This is not to suggest that extremism, racism or other kinds of discrimination are not serious problems.  They are, and will without doubt remain so.  We are however far more resilient than governments and the media almost ever give us credit for.  While there is much to potentially take issue with in the introduction to the document on how we became this successful democracy, the fact is that while true representative parliamentary democracy is a relatively new innovation, it has often been thanks to the people themselves rather than governments that we have arrived at where we are now.  Incidentally, the introduction also states that our values are not exclusive to Britain, which rather puts the whole kibosh on the entire "British values" the government is so determined to bang on about.

Not that such chauvinism is surprising when so many of the proposed solutions to the problem of extremism are to in fact either limit liberty or restrict freedom of speech.  Interestingly, freedom of speech is not mentioned as one of our fundamental values, probably because we have long rejected the wacky Americans and their wacky interpretation of the concept.  Considering also that David Cameron was so keen to flag up in particular the continuing discrimination that Muslims face in his conference speech, it seems somewhat odd that one of the recommendations is a full review of the potential for "entryism" in state institutions.  The "Trojan Horse" affair, where any evidence for pupils being moulded into extremists, let alone radicalised is still lacking, is the justification.  It's not clear why extremists would want to infiltrate the NHS, to pick up on just one other possible example, but we can no doubt rest assured this will not turn into a search for jihadists under the hospital bed.  Also confirmed is that the government will attempt to ban extremist organisations that promote hatred and draw people into extremism but do not break the law, introduce orders on known individual extremists who act similarly and close down premises which are used to support extremism.  It's not explained how any of this will be compatible with the European Convention on Human Rights, just that it will most certainly not curtail the right to protest or close down debate.  The law will also be subject to a high level of judicial scrutiny, just in case that doesn't convince you.

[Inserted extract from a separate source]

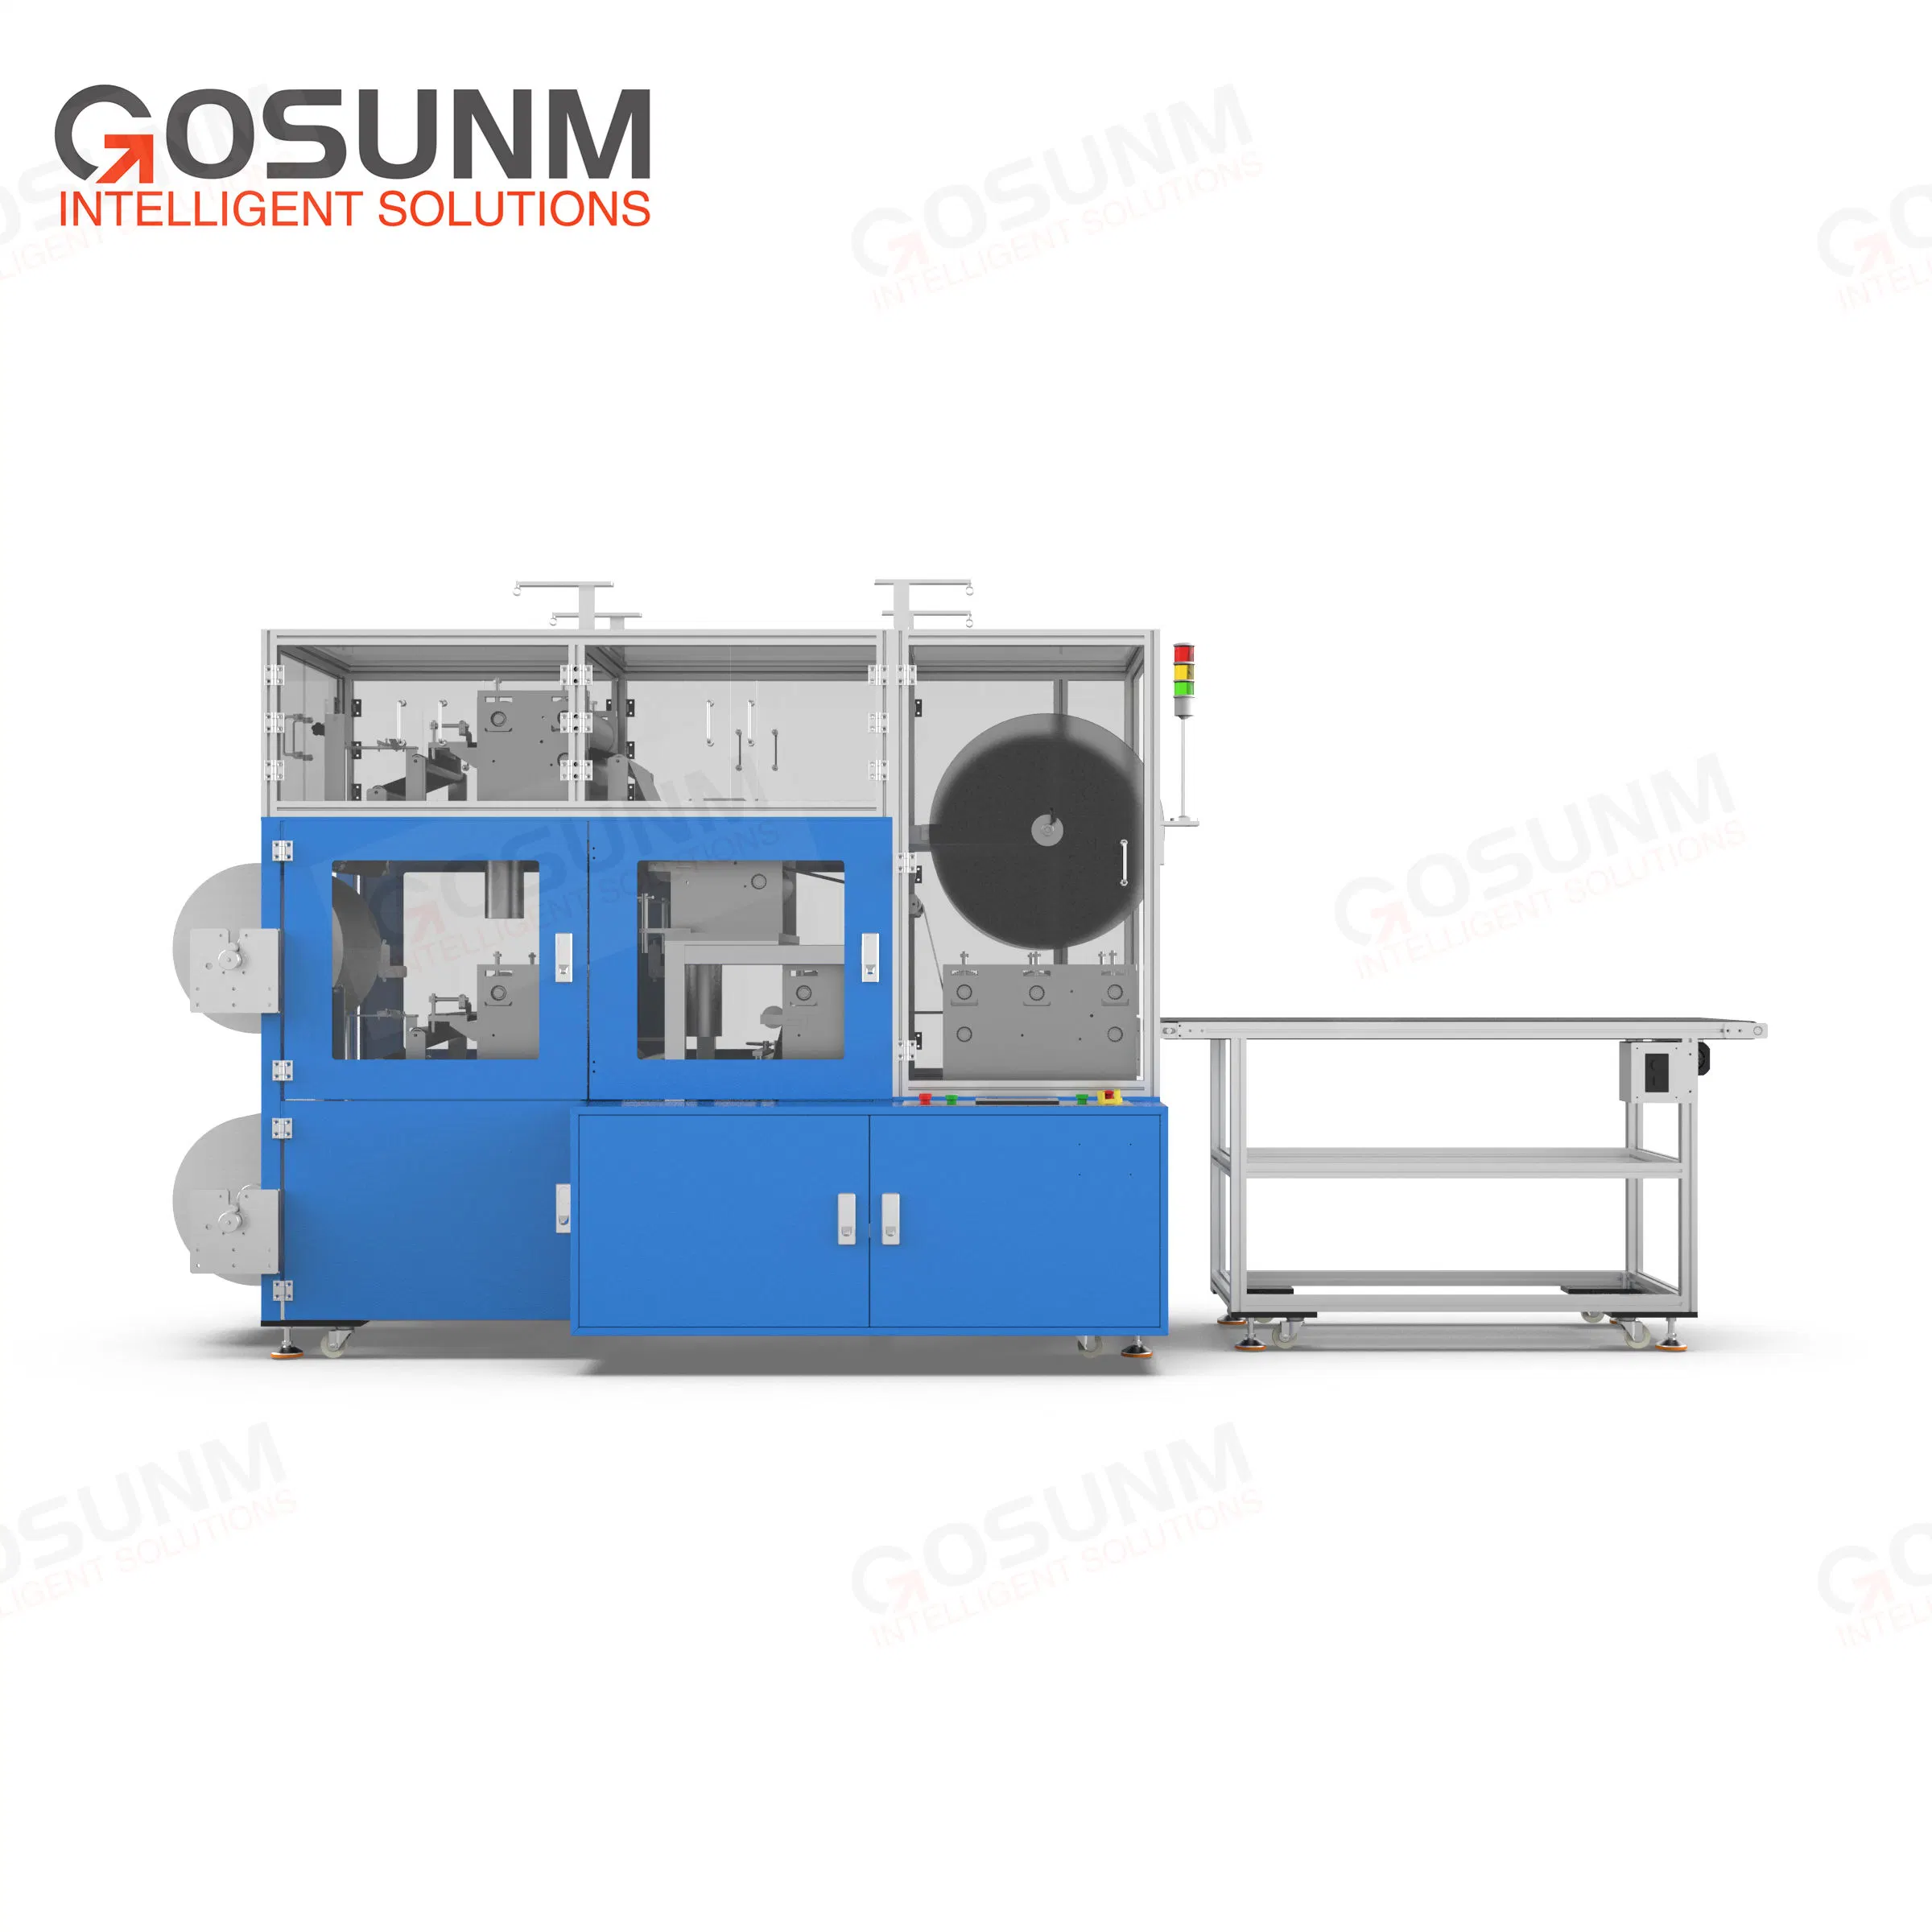 Gosunm Fully Automatic Dust-Proof Non-Woven Shoe Cover Making Machine

The most fundamental problem with the strategy though is the politicians behind it.  Theresa May in her conference speech argued the exact opposite of the document she now seeks to sell: that far from it being our very diversity that is behind our success, too much in fact prevents our society from being cohesive.  The document speaks of "our belief in equality", as though the Conservatives or indeed we as a people have always believed in such things.  The same government that wants to make landlords check the passports of renters on pain of fines in a bid to make the country a hostile environment for illegal immigrants, a move guaranteed to lead to discrimination, wants "everyone" to "enforce our values right across the spectrum".  Extremist groups and individuals, while a threat, if not an unprecedented one, have nothing like the impact that elected politicians and the mainstream media can have on community relations and levels of hate and fear, as Xi Jinping could perhaps attest to.   Being concerned that our values are threatened is one thing; regarding them as so flimsy they can be destroyed by such pitifully weak opponents, at the same time as maintaining they are so universal and strong is quite another.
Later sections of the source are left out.